= MaxMyInterest =

Financial technology service and software platform

MaxMyInterest (Max) is a financial technology (FinTech) service operated by Six Trees Capital LLC. Max is a software platform that allocates individuals' cash among their own bank accounts so that they earn the most interest possible while staying within the limits for FDIC government-deposit insurance. The service works for both individuals and their financial advisors.

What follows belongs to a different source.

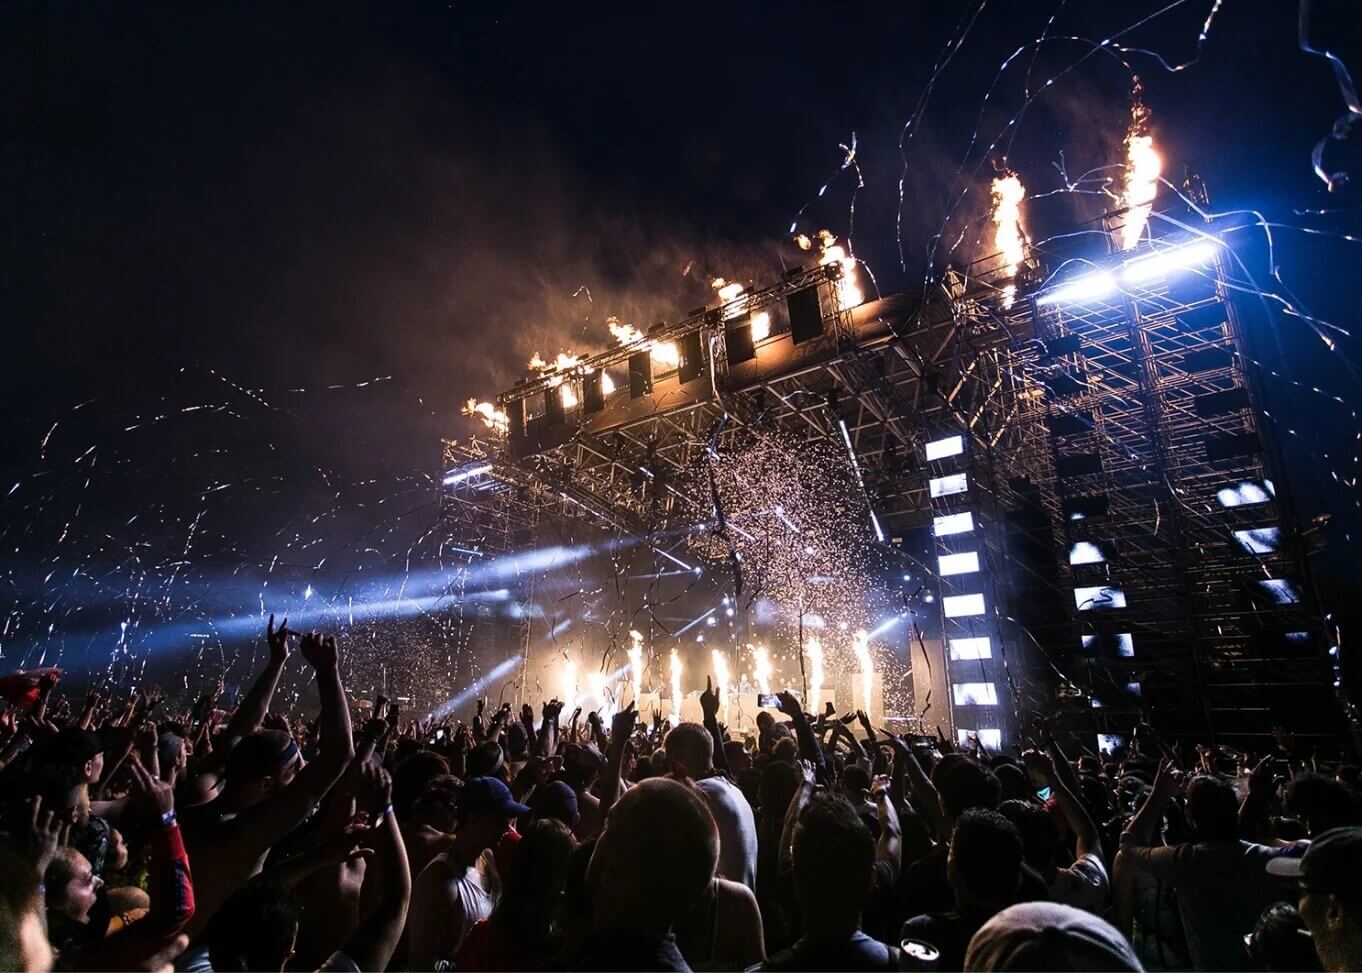 A large stage with lights and pyrotechnics in front of a huge crowd

Headquartered in New York City, Six Trees was founded by former Citigroup investment banker Gary E. Zimmerman in 2013.

== Milestones ==

The Max service launched in April 2014.

In the spring of 2015, Max participated in the FinTech Innovation Lab, an accelerator program run by the Partnership Fund for New York City and Accenture, and presented at the Lab's Demo Day in June.

In October 2015, Max began offering services to businesses that want to earn more on FDIC-insured cash, through a partnership with The American Deposit Management Co. of Delafield, Wisc.

Max won a UBS Future of Finance Acceleration Award in December 2015.

The Max Advisor Dashboard, which allows financial advisors to oversee their clients' Max accounts on their behalf, launched in January 2016.

In July 2018, Max was added as a cash option for clients by Dynasty Financial Partners.

In November 2018, Max and Radius Bank launched a 60-second account-opening process.

In January 2019, the yield on the platform reached 2.46%.

In September 2019, Max and Radius Bank partnered together to launch Max Checking, a no fee, no minimum balance checking product which features 1% APY and free ATM access worldwide.